SS established less a right than a ‘perception’ of having one’s retirement taken care of, when they reached a certain age — 65. Unfortunately, it was a misnomer in that people would live longer and the money put into the system could not sustain the program in the long term. Also, the SS stipend would prove to be lacking in covering the every-increasing cost of living, even with COLAs added. Finally, SS has given a false sense of financial security, with implications that people would not need to actively save for their old age, and simply rely on SS forced deductions to cover the entire bill of their retirement. Current charts shown that less than 50% of senior age people have even saved $12,000 for their retirement needs. That’s pretty sad, IMO.
” Do you think the GOP would want to break out a separate piece of legislation to eliminate the adult child coverage? Not a chance in hell, because what has been given is not easily taken away. Ditto the pre-existing conditions fix.”
Those two pieces of the ACA pie are what dems always point to as irrevocable. I’m not so sure. But, even if they have been fully implanted in people’s minds as something they don’t want to live without, they can easily be incorporated into another HC reform act, one that holds far less HC land mines, and imposes no hardship on employment growth.

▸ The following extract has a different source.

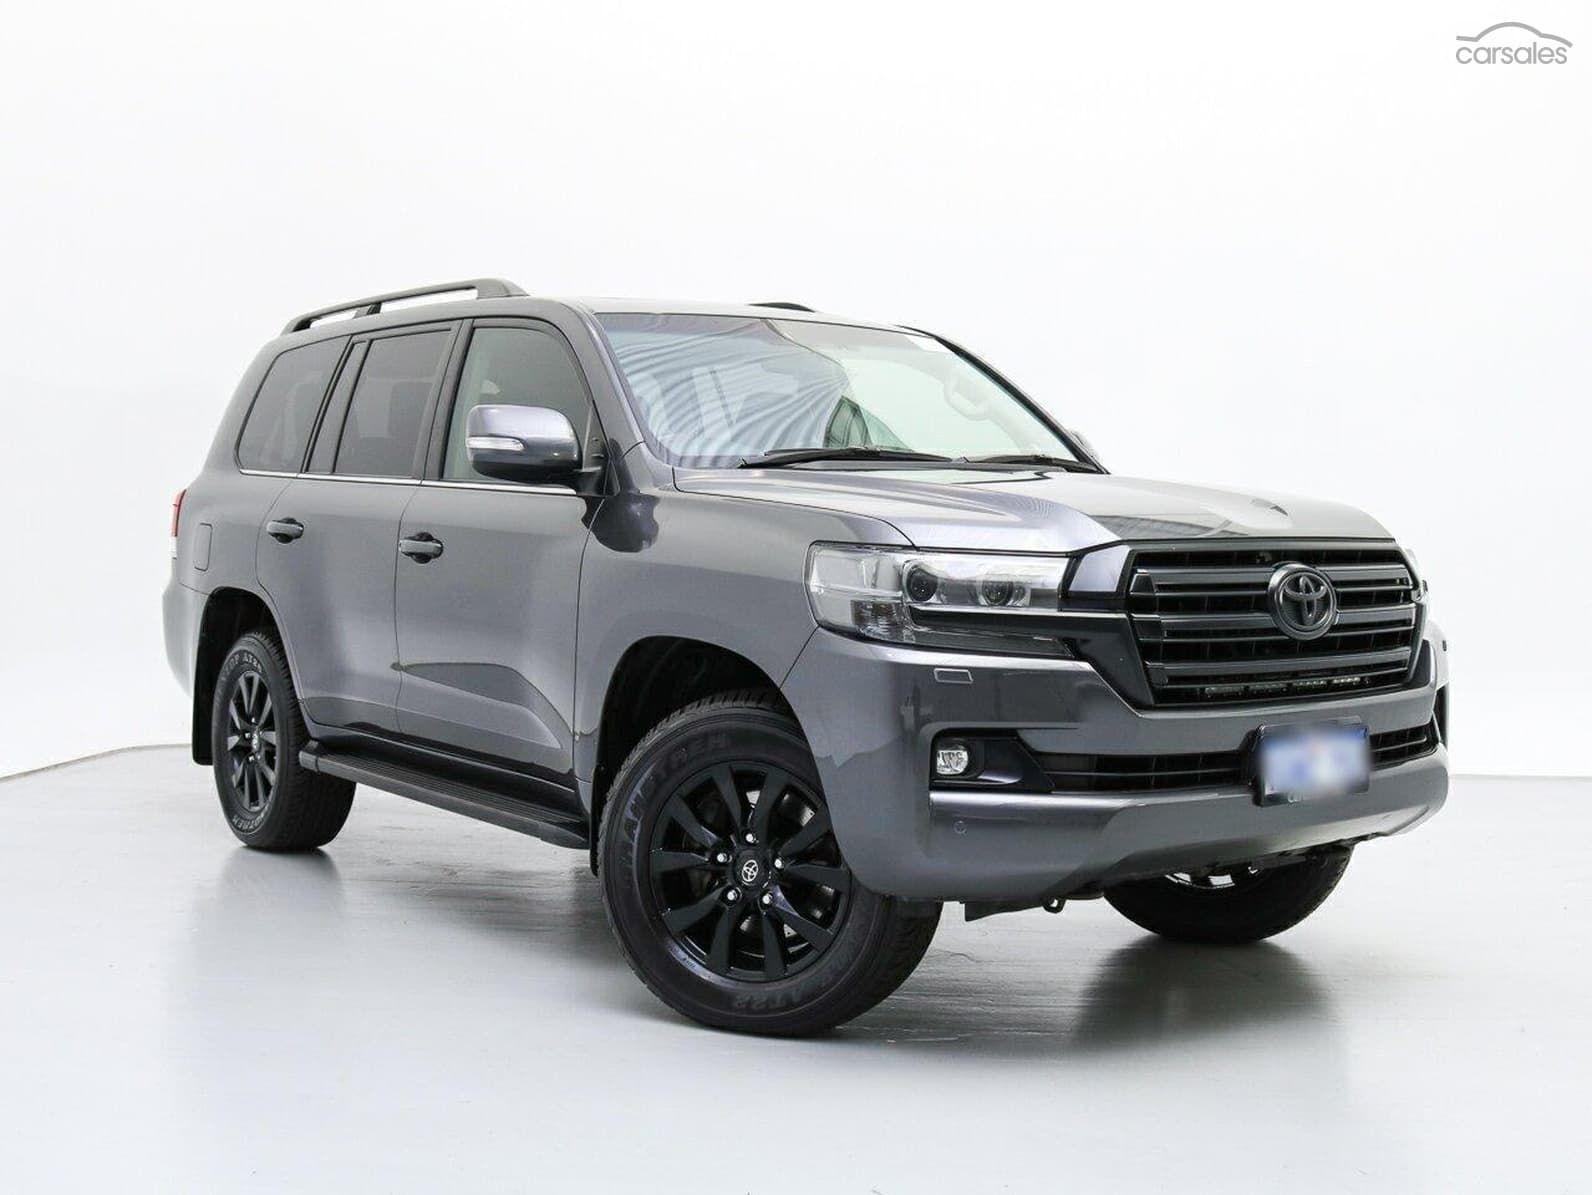 2016 Toyota Landcruiser Vx Auto 4x4 Oag Ad 18135351 Carsales Com Au Land Cruiser Toyota Land Cruiser Cars For Sale

@Tom- I am one of those specialists. We are seeing quality and productivity emphasized like never before. I have over 40 years in medicine in some capacity. This is the first time I have really seen this kind of emphasis on costs AND quality at the same time. It is mostly being spurred by the ACA.
Steve
I suspect that the PPACA will turn out to be a giant turd, and the diamonds in that turd will turn out to be corn in sh*t. As @Dave Schuler has pointed out, it is about insurance not health care.
For the SS analogy to hold, the SS Act would have required companies to have a pension for each employee, and people without a company pension would be required to have a 401(k) or IRA. There would need to be some type of 401(k)/IRA exchange where low or no income individuals could get a government contribution.
The Medicare/Medicaid/VA analogies fail as well. In the end, the lower income folks will get screwed, but the upper end people will benefit from it. Same outcome, different program.